Disitu tidak terdapat batas ulayat Baolangu sampai di pulau siput hanya didalam itu
disebutkan secara garis besar bahwa dari Ile Bona Amang turun ke Wata Kner ( bibir
pantai ) tidak ada kata sampai di Awalolong ( lihat dokumen kesepakatan tua-tua
adat Desa Baolangu , tanggal 01 Agustus tahun 1999 ).

V. SARAN PENDAPAT
1. Untuk menetapkan bahwa Awalolong milik Komunitas Baolangu harus
didiskusikan dengan semua tokoh atau kepala suku ( 17 suku ) se Komunitas
Baolangu, baik yang berdomilisi di Lewokukung, Lite, Namaweka maupun
Lewoleba dan Lamahora.
2. Sepanjang ini belum pernah orang Baolangu melakukan seremoni di Pulau
Awalolong sebagai wujud pengakuan bahwa Awalolong milik orang Baolangu.
Seremoni hanya pernah dilakukan oleh Saudara “ Albert Pito “ orang dari
Karangora yang diistilahkan waktu itu dengan paraw Tua Magu ( kasih makan
leluhur ), tidak lama berselang waktu paraw Tua Magu, Bapak Albert dan
anaknya meninggal dunia di Jakarta sehingga Ritual dimaksud tidak bias dirunut
dan ditelusuri soal klaim dari Albert Pito bahwa Awalolong itu milik Mereka.
Untuk itu butuh Mola Bdae ( dukun ) dari berbagai orang guna mencari tahu
siapa, dan dari suku apa yang akan membuat seremoni.
Orang-orang tua yang tinggal di Lewoleba, Namaweka, Lite, Lewokukung dan
Lamahora, baik sebagai ketua suku maupun pemuka masyarakat harus duduk
bersama Mola Bdae mencari solusi / jalan keluar.
3. Catatan ini hanya sebagai masukan guna disempurnakan dan diharapkan dapat
menghasilkan kesepakatan untuk membuat seremoni sebagai titik awal
menunjang program pemerintah dibidang kepariwisataan.
4. Hasil diskusi untuk seremonial akan dibuat setelah ada kesamaan pandangan,
kesepakatan dari berbagai pihak.

PERTANYAAN KUNCI

1. Pulau Awalolong milik siapa ?


2. Siapa yang berhak membuat seremoni ?
3. Adakah seremoni yang dilakukan sebelumnya sebagai bentuk pengakuan bahwa
Awalolong milik Komunitas, suku atau ulayat orang perorangan ?
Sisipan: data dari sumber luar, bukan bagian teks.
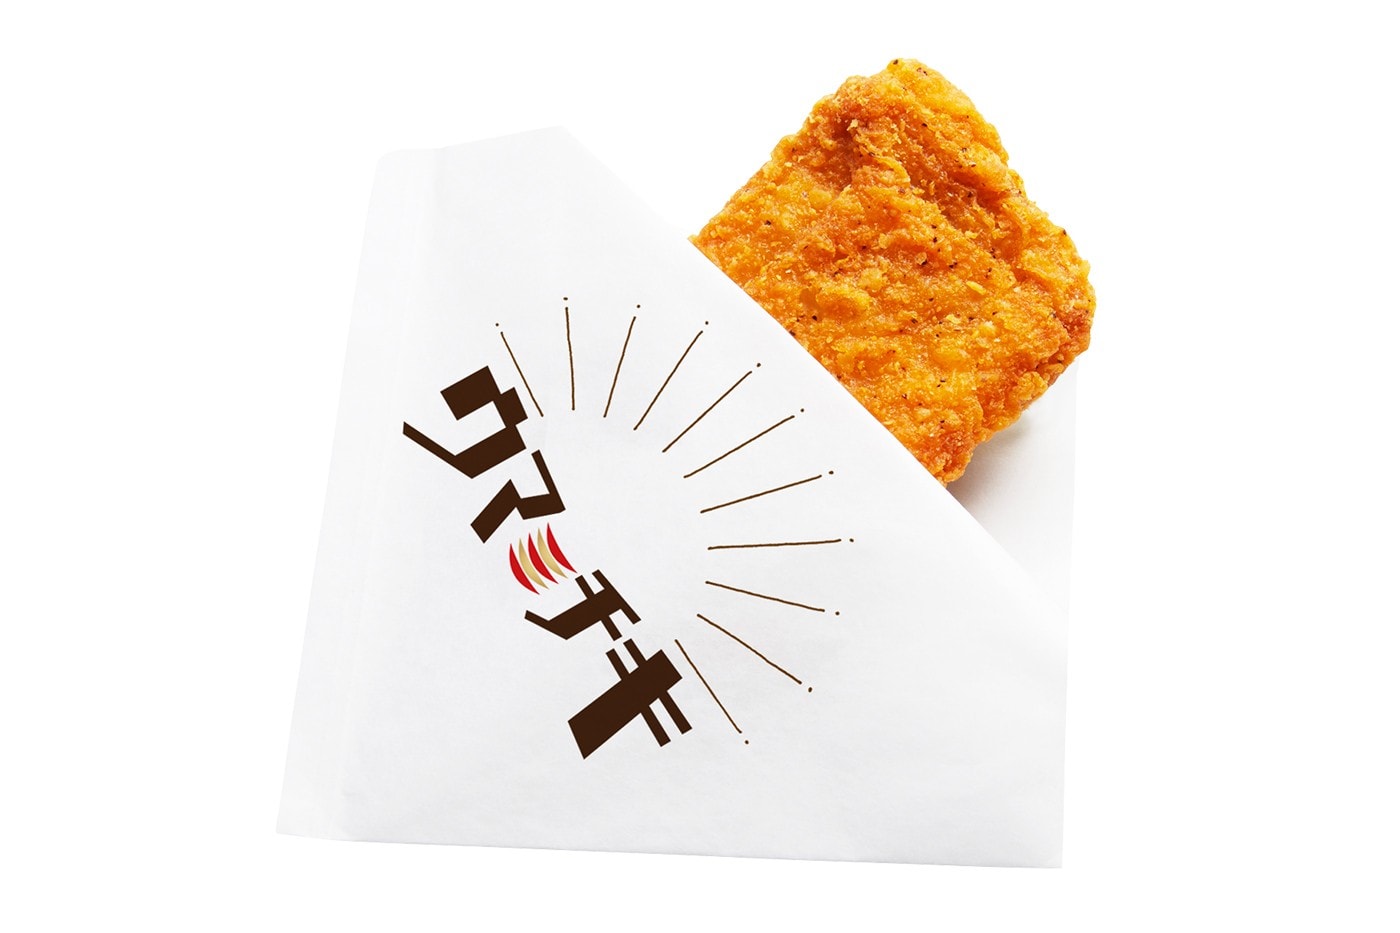 日本連鎖迴轉壽司 Kappa Sushi 推出全新「炸雞」握壽司
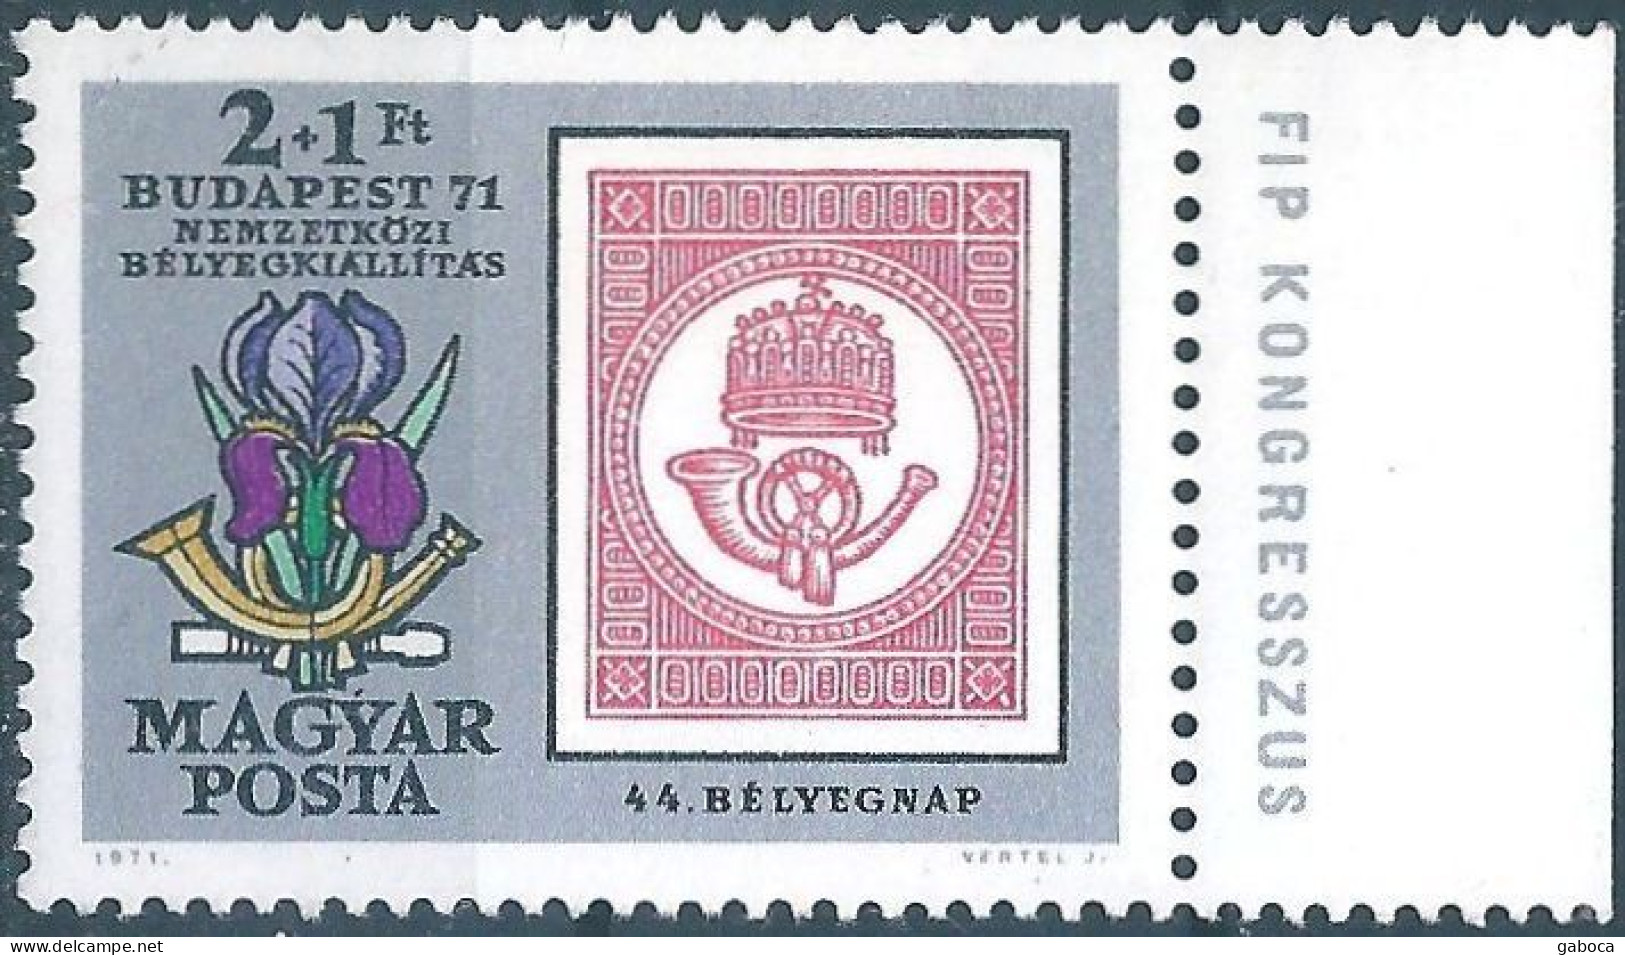 C5927 Hungary Philately Stamps Day Music Horn Flower MNH RARE - Giornata Del Francobollo

Tiga pertanyaan kunci ini dengan membandingkan keberadaan, kepemilikan tanah adat,
ulayat yang dimiliki dahulu sampai sekarang, bahkan untuk yang akan datang menjadi
hunian anak cucu kita, maka membutuhkan pengakuan melalui Tobe bau ( duduk omong
bersama ) sebelum kita melakukan sesuatu kegiatan.

Terima Kasih, Selamat Berdiskusi


Kita
Siap Menunjang Program Pemerintah Kabupaten Lembata
Membangun Kepariwisataan di tanah kita tercinta ini.